Success Out of Disaster
September 2008 was a calamitous month for Texas communities battered by hurricane Ike along the Gulf Coast and by flooding along the Rio Grande, while in far south Texas, coastal towns were still reeling from Hurrican Dolly’s landfall in July. Thousands of families were directly affected and many more were affected indirectly as a consequence of devastated communities. A number of adult education and family literacy programs suffered the impact of the weather disasters. In the midst of the bad news, TCALL received a welcomed phone call: former First Lady Mrs. Barbara Bush who loves adult and family literacy as much as she loves Texas, had instructed the Barbara Bush Texas Fund to identify literacy programs affected by the storms in order to determine how to best help them recover. Thus, the Barbara Bush Disaster Recovery Grants for Texas Literacy Programs were born.
Nine programs, Brazosport College, Clear Creek ISD, College of the Mainland, Literacy Advance of Houston, Lone Star College, Lyford ISD, Pregnancy & Parenting Support Center in Galveston, Presidio ISD, and the Region V Education Service Center, were awarded funds ranging from $8,300 to $20,000 to engage in disaster recovery activities. The projects selected included funding replacement playground equipment; money to replace computers and books where rains damaged the supplies in buildings that had lost their roofs; funds to set up a mobile reading lab to take parent/child reading classes to the community in Galveston; transportation assistance and GED testing scholarships, and recruitment activities to attract new students to areas affected by attrition caused by student displacement.
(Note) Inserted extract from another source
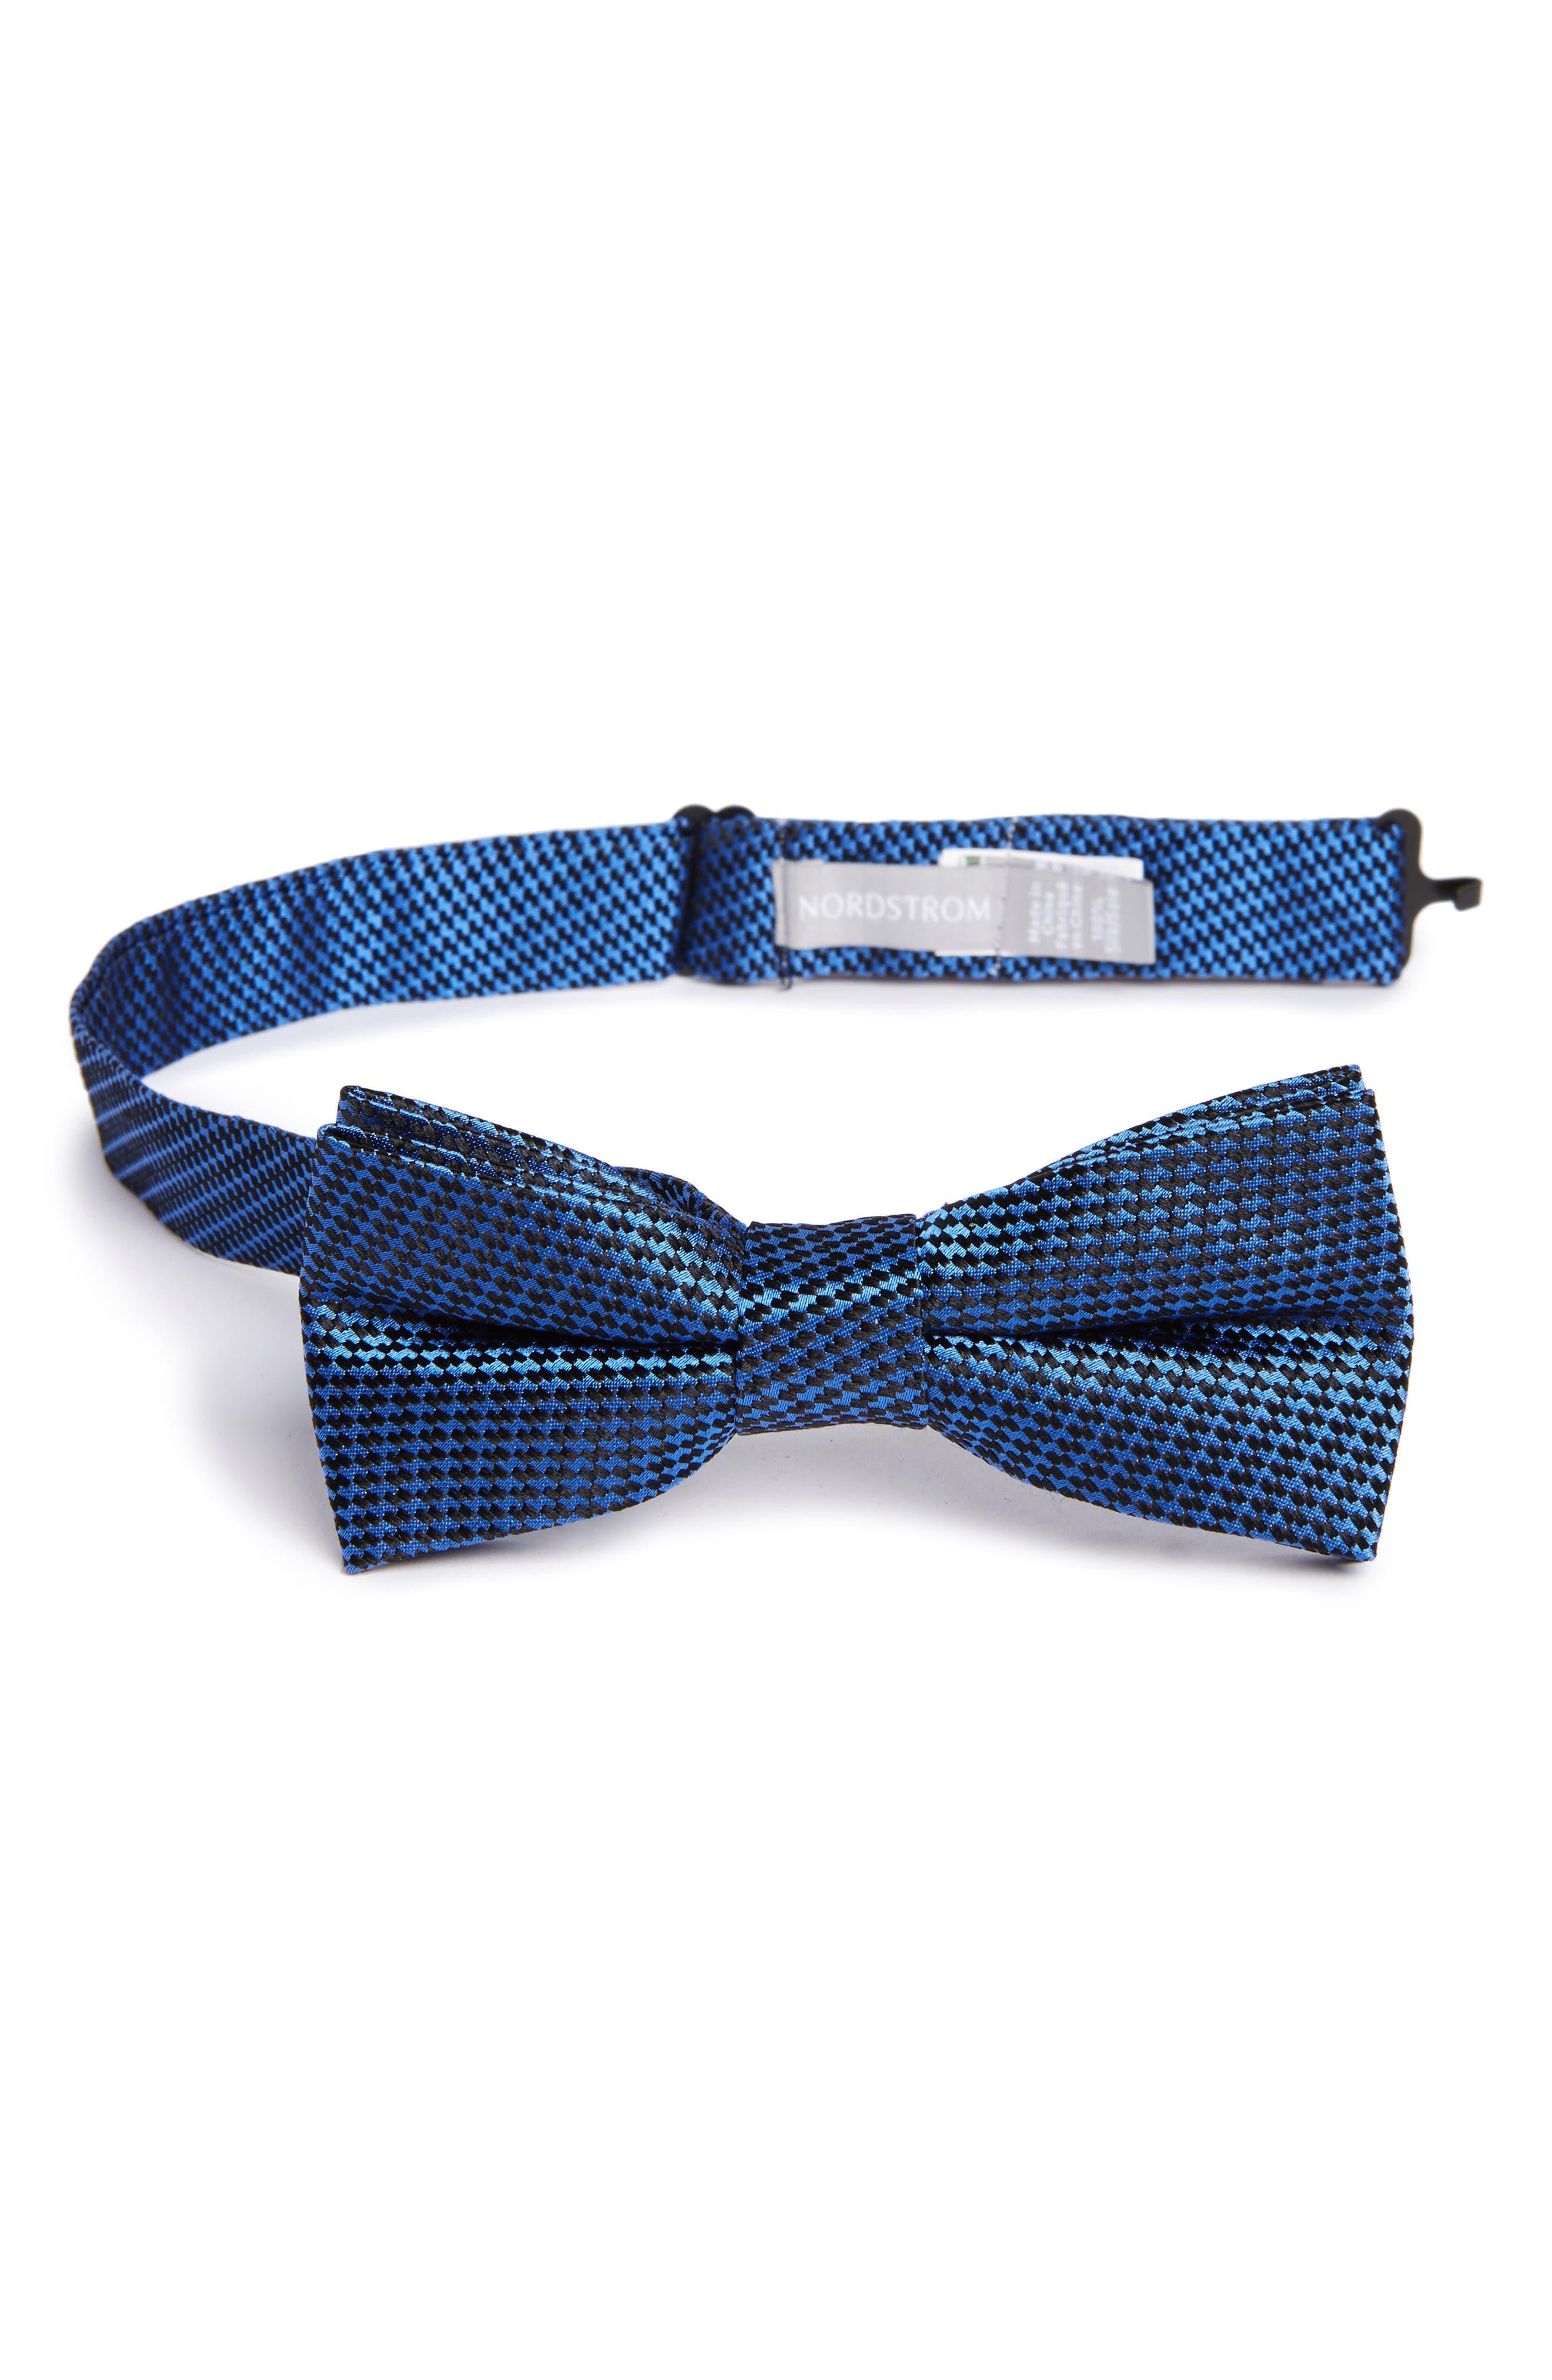 Nordstrom Neat Silk Bow Tie (Big Boys)

The awards were limited to recovery activities but the programs that received them have so far been very successful using the money provided to get back on their feet to the extent possible. The short stories below are some of the successes resulting from these efforts.
The Disaster Recovery funds have touched many lives; among them, Logan, a 20 year-old wife and mother of two young children. Her husband worked for a coastal refinery when he was laid-off due to Hurricane Ike. As a result of the lay-off, Logan and her family were forced to move in with her father-in-law. Logan enrolled in the adult education program at Region V Education Service Center and began attending class regularly. Thanks to the Barbara Bush Texas Fund for Family Literacy, Logan received a gas card to assist her in alleviating some of the expense associated with traveling to class, and was one of the first local students to earn a GED in 2009. Logan is a very intelligent young woman and now plans to enroll in nursing school. Logan’s husband is now working, and the adult education staff has provided grant and scholarship information to assist Logan in making the transition to college.
Both Literacy Advance of Houston locations suffered significant damage; the roof was torn off one of their sites and rainwater partially flooded the other site. While insurance covered the structural damage, it did not cover the loss of computers, bookcases, chairs and desks, instructional materials, and office supplies. The Disaster Recovery Funds helped this organization get back in business at a faster pace.
As Ike battered the building, water leaked around the windows of Literacy Advance's headquarters on Wilcrest in Houston. Damage to the walls was significant and mold invaded carpet, furniture, and supplies.
Thanks to the Disaster Recovery Grant, the classrooms at the same location now have new student desks and chairs. The comfortable but old padded chairs were damp and moldy.
In Clear Creek ISD, the Recovery Grant has impacted dozens of lives. After Hurricane Ike, the program had a waiting list of over 50 students, many of whom moved from Galveston to Corpus Christi ISD. With this grant, Clear Creek opened a new class to serve these students who otherwise would have continued to wait and grown more frustrated. One particular family of five brothers moved to this area from Galveston. They had lost their jobs due to Ike and were not able to attend school to learn English. Now they are coming to class every Tuesday and Thursday evening and have been able to find jobs in the area.
For many parents, the Lyford Even Start Program offers a place where their children can learn in a nurturing environment while they attend ESL/GED classes. The school suffered severe damage during September flooding, but thanks to the recovery funds, after spring break, the infants and toddlers were able to enjoy the spring breeze with their parents as they took part in the Parent/Child activity time. By then, the maintenance department had finished making the repairs to the infant/toddler play area. Play time is a wonderful opportunity for parents to interact with their young ones. It is the beginning of a lifetime of learning.
Two programs serving Galveston Island received funding and have formed a partnership to help stretch these funds further. A coalition of community partners is working with College of the Mainland (COM) to offer adult literacy services to the residents who remain on the island and are working to rebuild it. At St. Vincent House, a multi-service community center, COM will offer ESL and GED classes to low-income parents.
Outreach has been provided by the Pregnancy & Parenting Support Center, another grantee. Through the funds, they have acquired space on Galveston Island. But the miraculous part is the power of the name. With the Barbara Bush Texas Fund award, they were able to find a partner who could provide them with this space for less than $0.30 a square foot, utilities included. Students will be able to access primary health care, emergency food support, parenting classes and essential support for infants, including formula and diapers at the same location as they attend classes.